Satusuaraexpress.co | Jakarta — Memastikan ketersediaan pangan yang aman, sehat, dan terjangkau bagi masyarakat menjadi fokus utama Pemerintah Kota Jakarta Timur. Untuk itu sekitar 30 personel gabungan melaksanakan operasi pengawasan keamanan pangan terpadu di enam pasar tradisional. Kegiatan ini tidak hanya memantau ketersediaan stok dan kestabilan harga, tetapi juga melakukan uji laboratorium secara langsung di lapangan.
Operasi yang dipimpin langsung oleh Wakil Wali Kota Jakarta Timur, Kusmanto, ini menyasar lokasi-lokasi strategis. Personel gabungan disebar ke Pasar Palmeriam, Pasar Kampung Ambon/Ampera, Pasar Pramuka, Pasar Rawamangun, Pasar Jatinegara, dan Pasar Cawang Kapling. Khusus di Pasar Palmeriam, lokasi tersebut dijadikan pusat kegiatan atau on the spot (OTS) pemeriksaan laboratorium dengan mendatangkan unit laboratorium keliling (mobile lab).
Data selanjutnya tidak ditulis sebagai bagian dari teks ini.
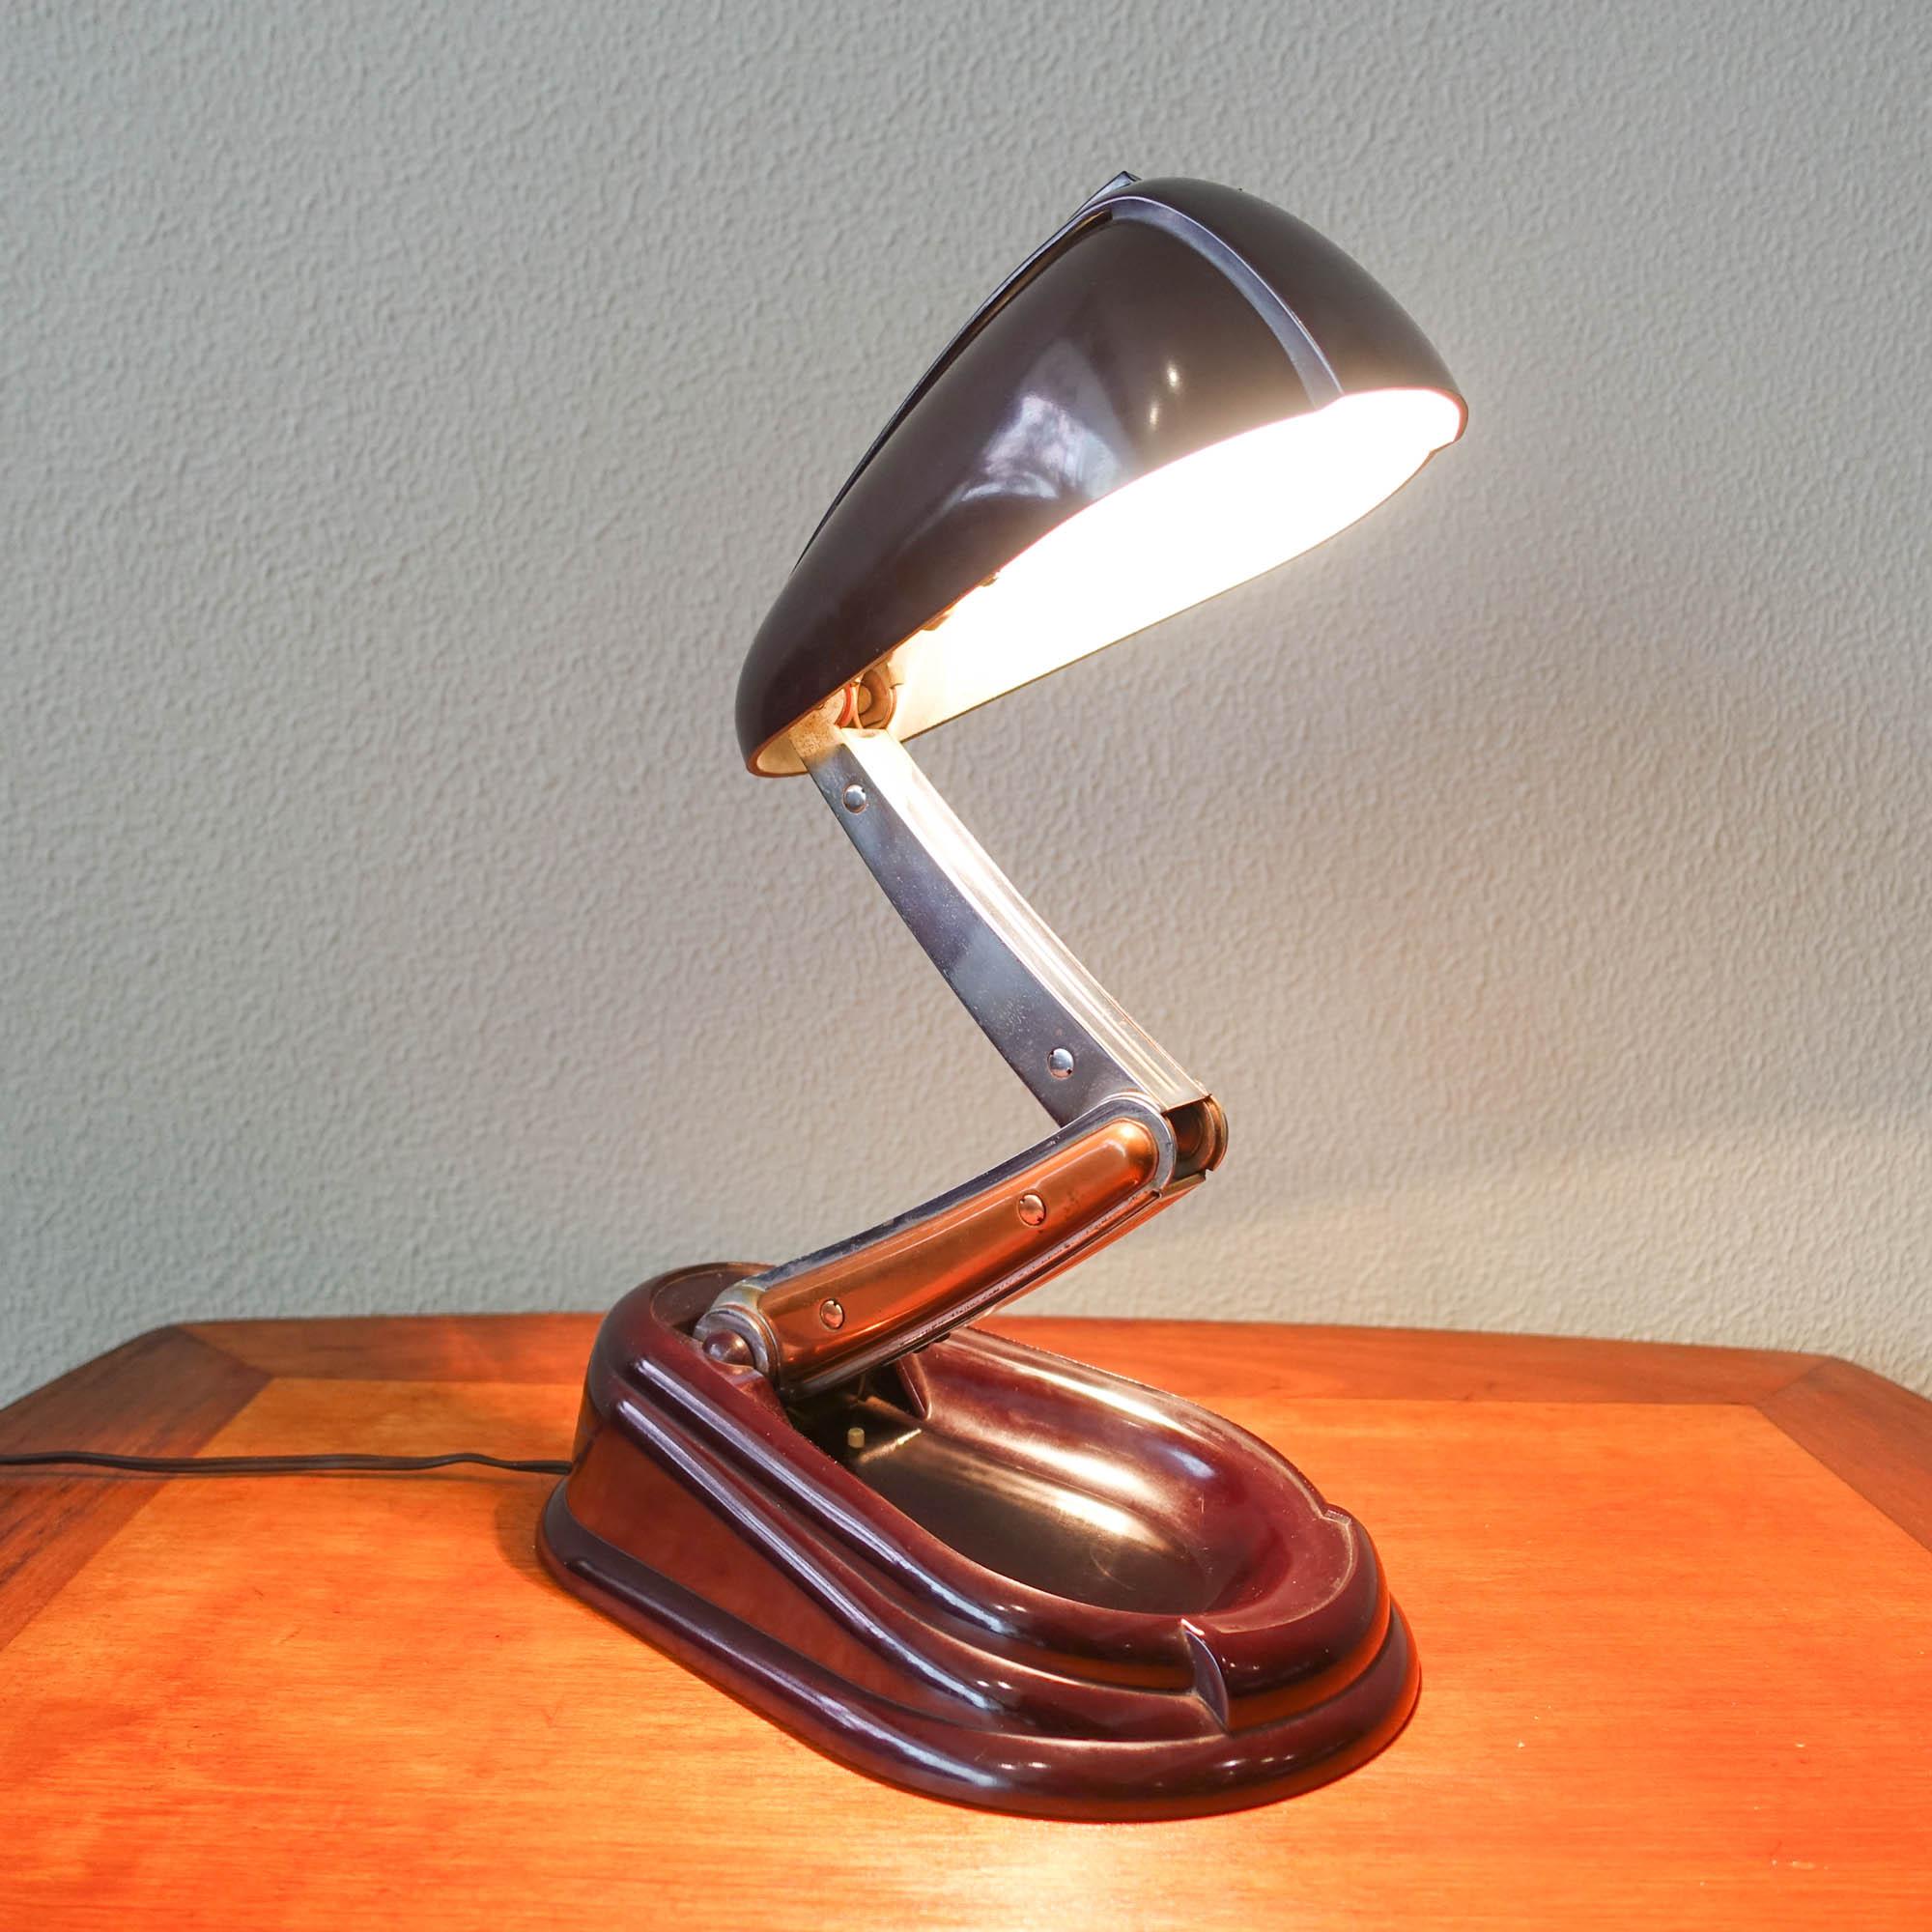 French Model Bolide Table Lamp by Jumo Brevete for Jumo, 1940s

Kusmanto menegaskan bahwa kegiatan ini merupakan agenda rutin yang bertujuan menjamin kualitas pangan yang beredar. Pemeriksaan dilakukan secara menyeluruh terhadap berbagai komoditas, mulai dari hasil pertanian, peternakan, hingga perikanan.
Baca juga : Pemkot Jakarta Timur Perketat Pengelolaan Sampah Lewat SOP dan Instruksi Khusus
“Kita periksa komoditas jenis sayur-mayur, buah-buahan, daging sapi, ikan, daging ayam dan sebagainya. Ini kita lakukan untuk mengecek kondisi harga, stok, maupun kandungan di dalamnya,” ujar Kusmanto.
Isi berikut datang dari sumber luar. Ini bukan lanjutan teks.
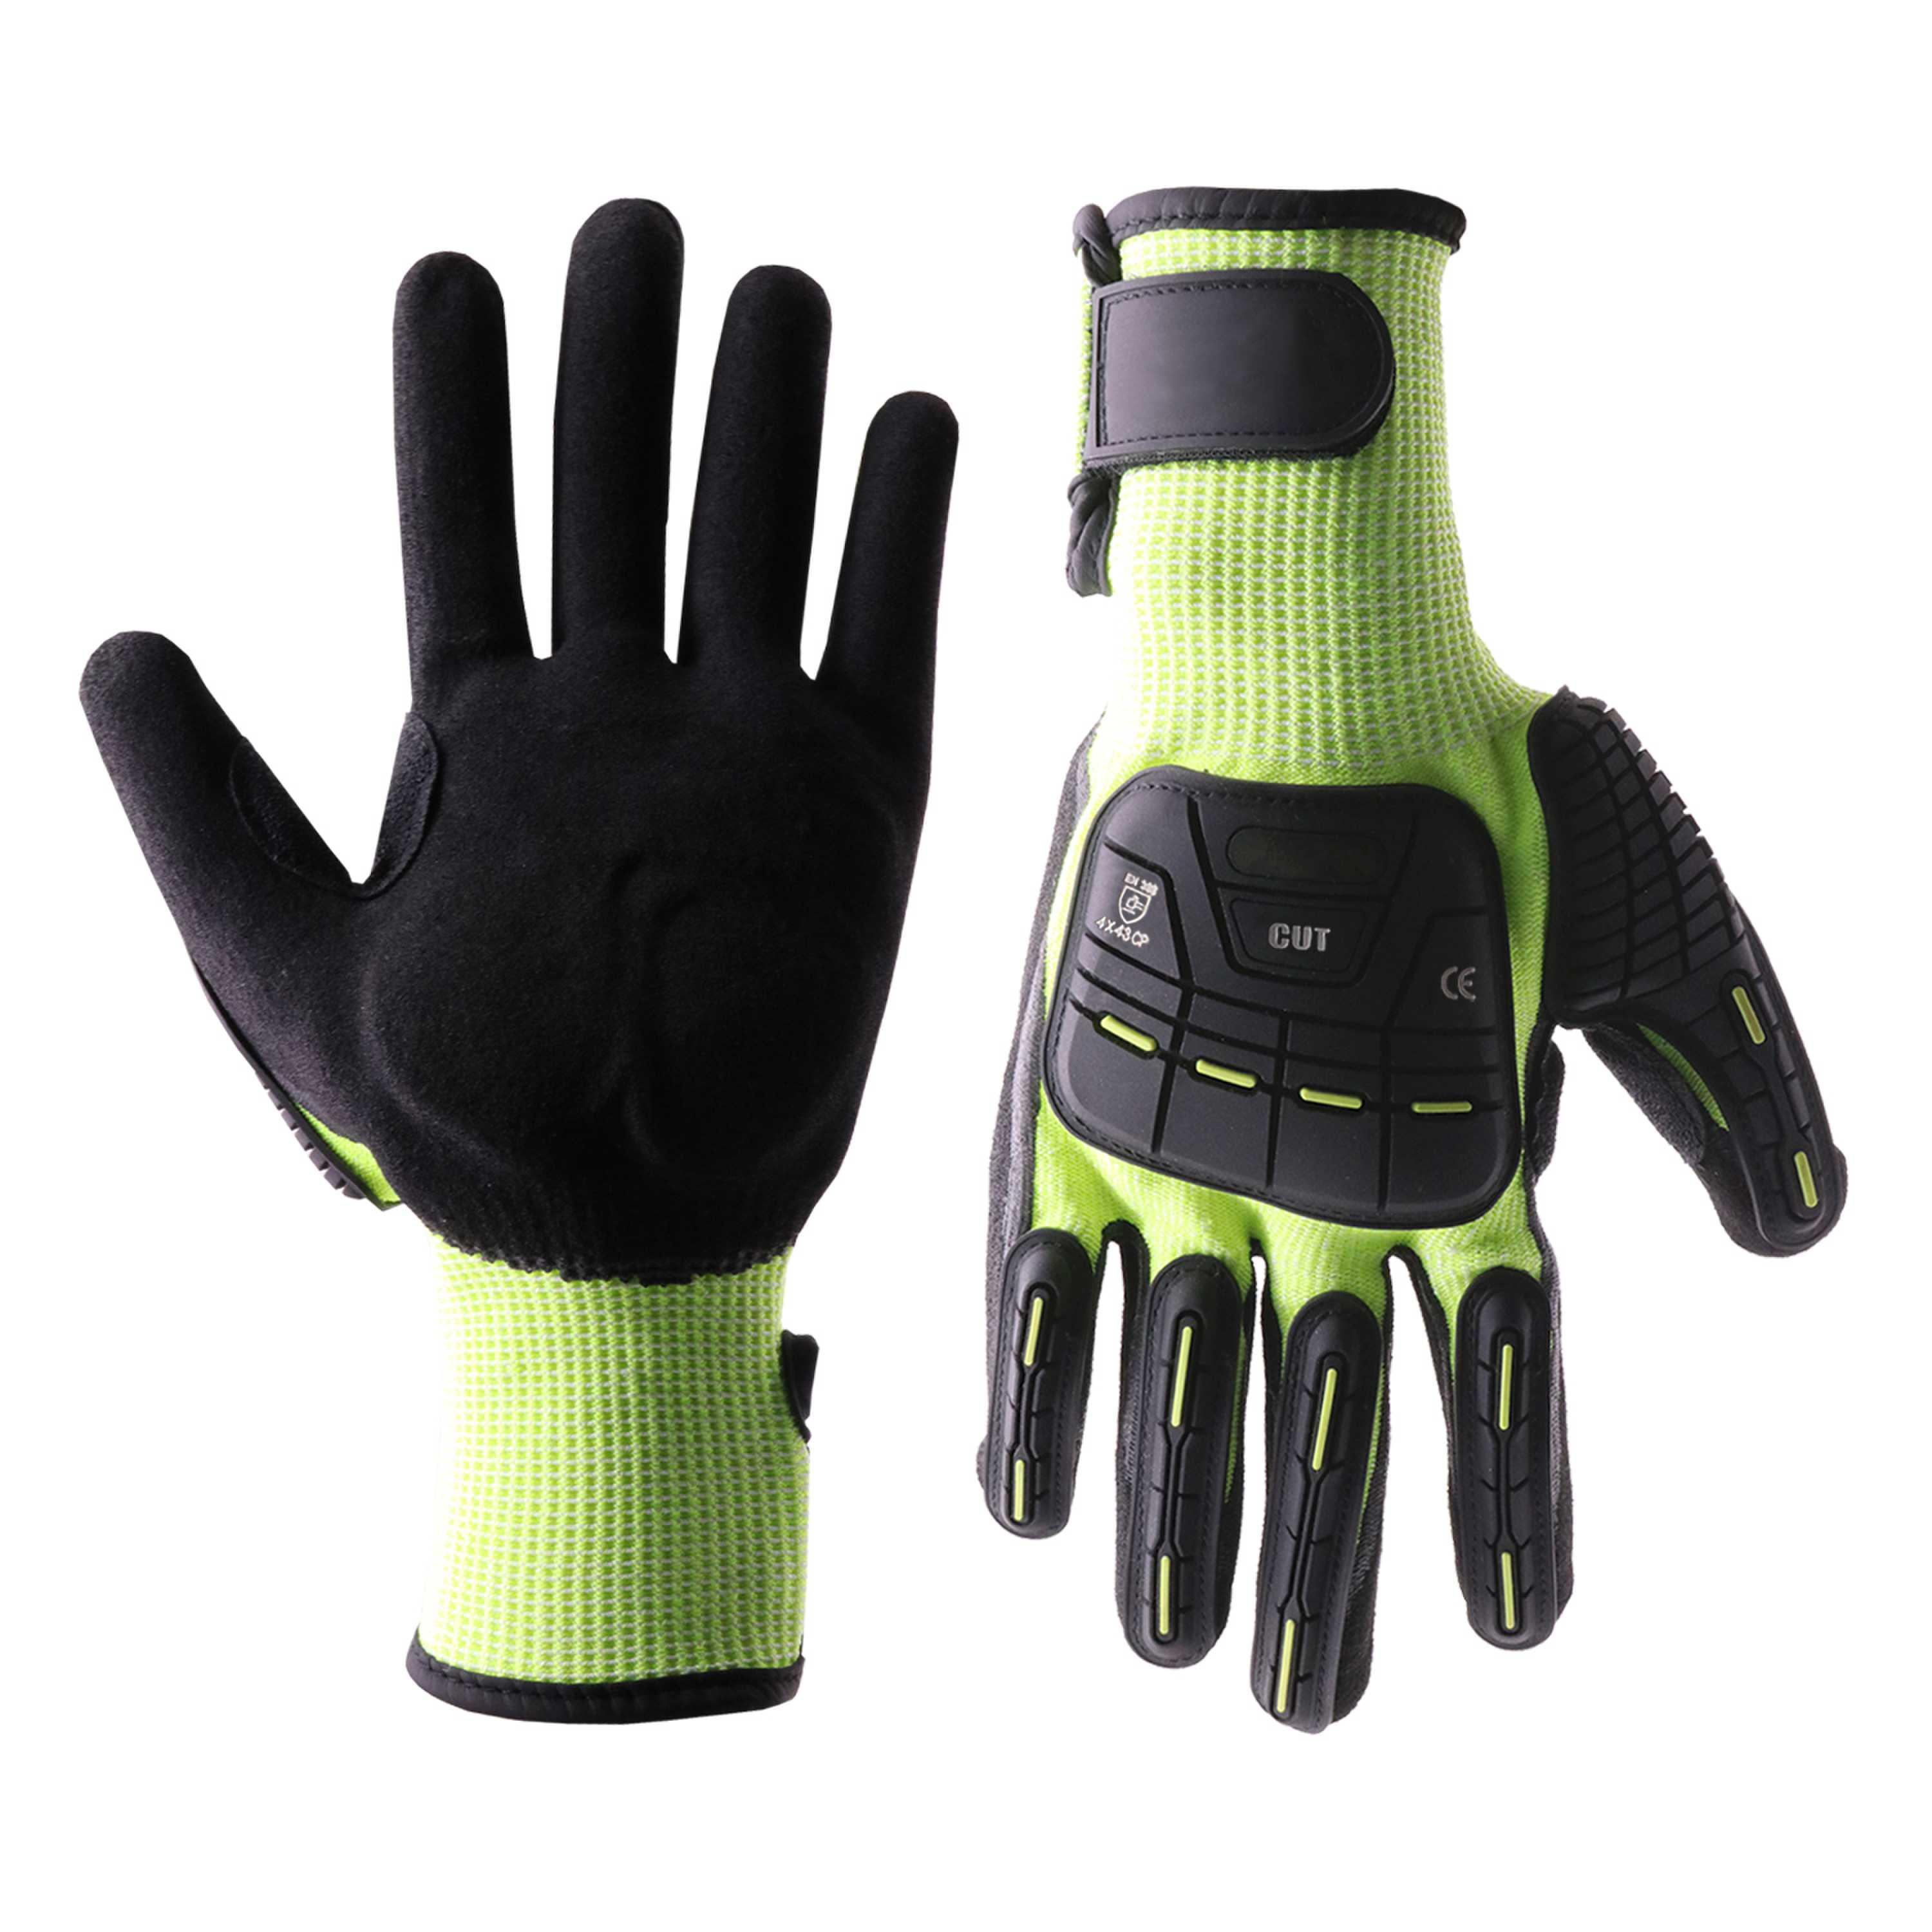 1123 PRISAFETY Industry Automotive Hand Protection Cut 5 Safety Gloves Cut Resistant Mechanical gloves

Selain aspek keamanan pangan, Kusmanto juga menyoroti kondisi pasar. Ia menilai Pasar Palmeriam yang berada di tengah pemukiman warga ini cukup ramai dan selalu menjaga kebersihannya. Ia pun mengimbau para pedagang untuk terus bekerja sama menjaga kebersihan lingkungan dan mendukung program pilah sampah dari sumbernya, demi kenyamanan bersama para konsumen.
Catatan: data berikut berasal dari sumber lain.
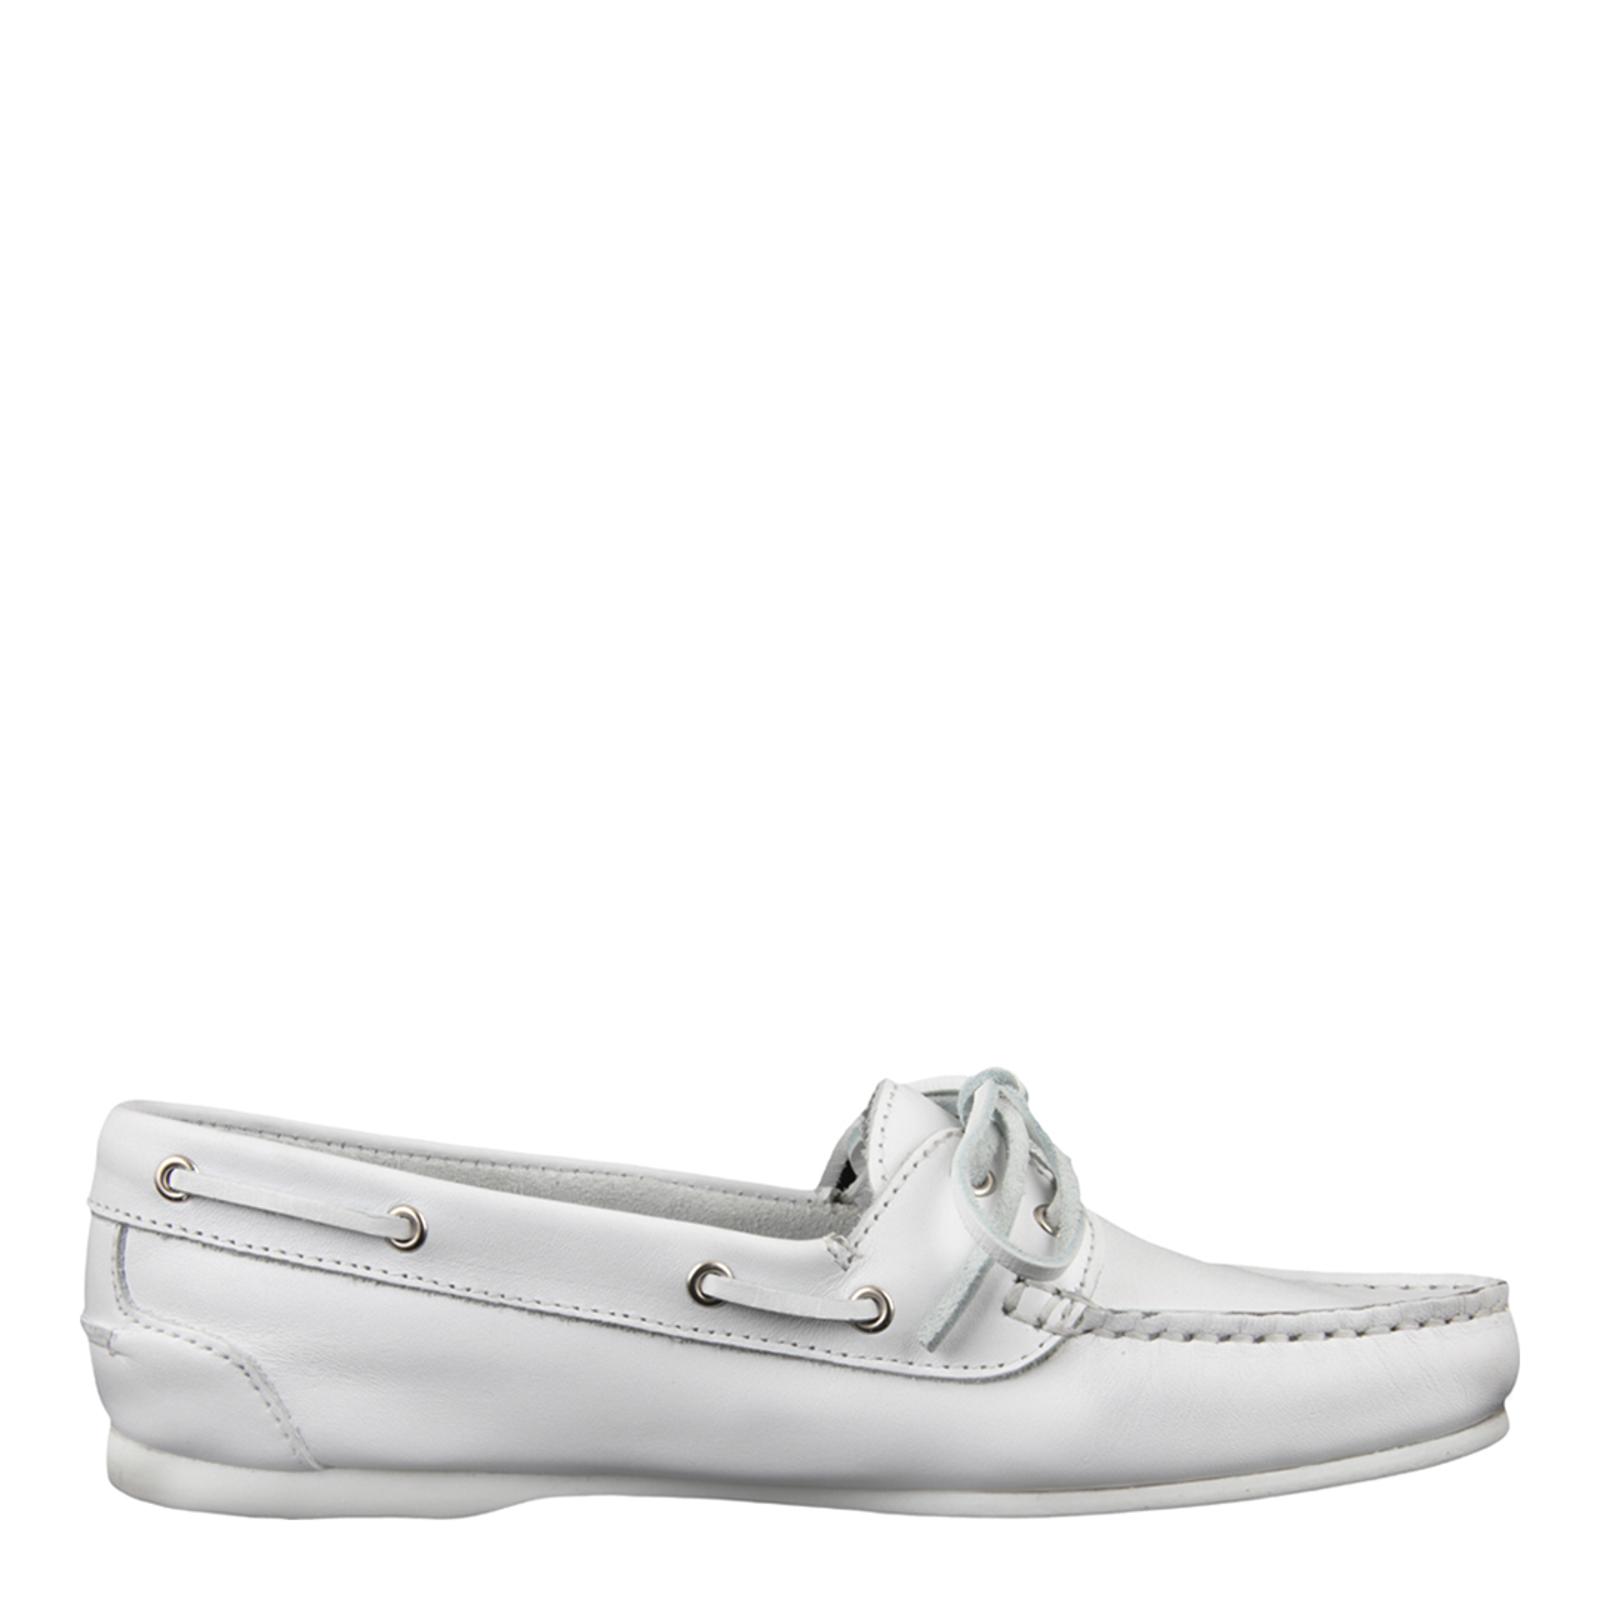 Women's White Leather Boat Shoes - BrandAlley

Secara teknis, tim gabungan mengambil total 90 sampel produk pangan dari keenam pasar tersebut, dengan rincian 15 sampel untuk setiap pasar. Jenis komoditas yang diuji meliputi daging ayam, daging sapi, sayuran, buah-buahan, hingga beras. Pemeriksaan difokuskan pada deteksi residu pestisida, formalin, klorin, dan boraks (eber).
Kasubag TU Sudin Ketahanan Pangan Kelautan dan Pertanian (KPKP) Jakarta Timur Thomas Rudiyanto, memaparkan hasil temuan di lapangan. Dari sejumlah sampel yang diambil, ditemukan satu komoditas jenis nangka sayur yang positif mengandung formalin di Pasar Cawang Kavling.
Baca juga : Penertiban Lapangan Padel di Jakarta Timur: 27 dari 57 Belum Berizin, Akan Disegel
“Barang tersebut langsung kita musnahkan agar tidak dikonsumsi masyarakat. Untuk selanjutnya, pedagang terkait akan diberikan pembinaan,” jelas Thomas.
Barang yang terbukti mengandung zat kimia berbahaya tersebut langsung disita dan ditarik dari peredaran guna mencegah dampak buruk bagi kesehatan masyarakat.
Kegiatan pengawasan ini melibatkan sinergi yang kuat dari berbagai unsur instansi. Selain personel dari Sudin KPKP Jakarta Timur dan Dinas KPKP, tim juga melibatkan Korwas PPNS Polda Metro Jaya, Bagian Perekonomian Walikota, hingga jajaran kecamatan dan kelurahan setempat.
Keterlibatan juga datang dari perwakilan Unit Kerja Perangkat Daerah (UKPD) terkait seperti Sudin PPUPKM, Satpol PP, dan Dinas Lingkungan Hidup. Kolaborasi ini memastikan pengawasan berjalan komprehensif, tidak hanya dari sisi kesehatan pangan, tetapi juga ketertiban dan kebersihan pasar.